Kraemer earned a Master of Science in industrial hygiene/environmental health science and a doctoral degree in urban health services/environmental health science from Old Dominion University. He has been employed in the public and private sectors and served as the regional hazardous materials manager for the Virginia Department of Transportation prior to joining the ranks of academia.
Kraemer joined Southeast in 1998 and is a full professor in the Department of Biology and in the Environmental Science Program. He is also the chemical hygiene officer and assistant radiation safety officer for the University.

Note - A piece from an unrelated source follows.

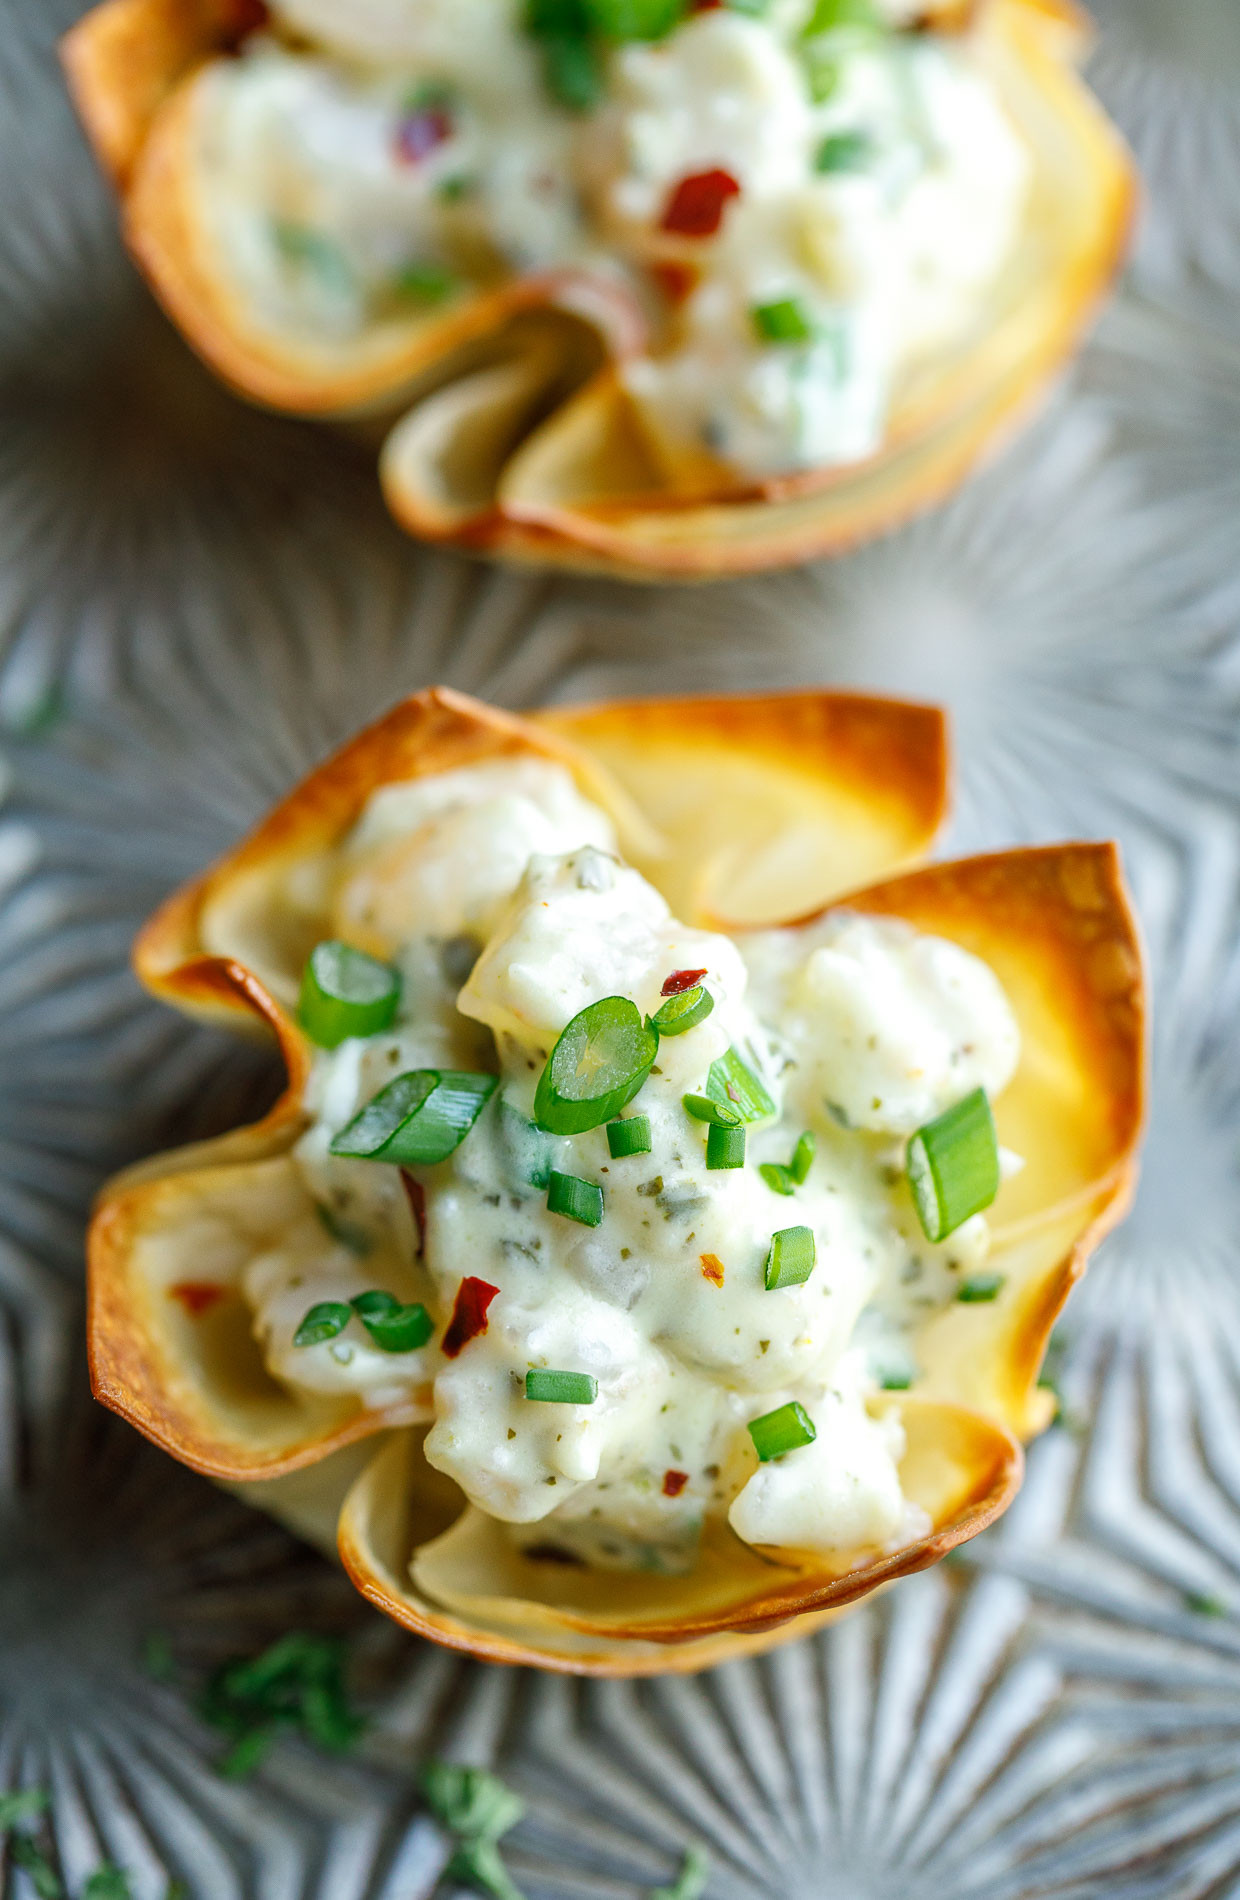 Wonton Appetizers With Cream Cheese
 10 Tasty Baked Wonton Recipes Using Wonton Wrappers

In 2000, Kraemer established Southeast’s Center for Environmental Analysis and serves as the director of the Center. The Center is the only environmental laboratory in southern Missouri that serves as an environmental analysis laboratory partner with the Missouri Department of Health and Senior Services. The Center for Environmental Analysis has performed numerous Global Positioning System (GPS)/Geographic Information System (GIS) mapping projects over the past five years for local and regional governmental agencies to assist them in mapping vulnerability assessment data, emergency response corridors, utility grids, natural resource concerns and public health assessment information. The Center also provides GIS training to regional mapping organizations and local government employees. Kraemer has conducted multi-year drinking water studies in rural aquifers to assess potential risks to residents from agricultural chemicals.
In 2014, Kraemer became the chief executive officer for the Institute for Environmental Health Assessment and Patient Centered Outcomes. This non-profit organization is nationally known for its work in defining environmental relationships affecting human health.
Kraemer received Homeland Security grant funds to train first responders about Weapons of Mass Destruction and how to safely react to the threats of these weapons. He also serves on the Cape Girardeau County Infectious Disease Task Force. He is an invited member of the State of Missouri’s Asthma Coalition and has received Environmental Protection Agency funding for developing a global approach for assessing the impacts of indoor air quality on pediatric asthma patients. This program has become the foundation of the environmental segment of the State of Missouri’s Asthma Program.
During his professional career, Kraemer has presented papers at national conferences and been an invited keynote speaker at several medical and educational conferences, authored or co-authored several peer-reviewed articles, peer-reviewed toxicological books prior to publication and received several teaching and service awards, including Southeast’s Educator of the Year in 2012.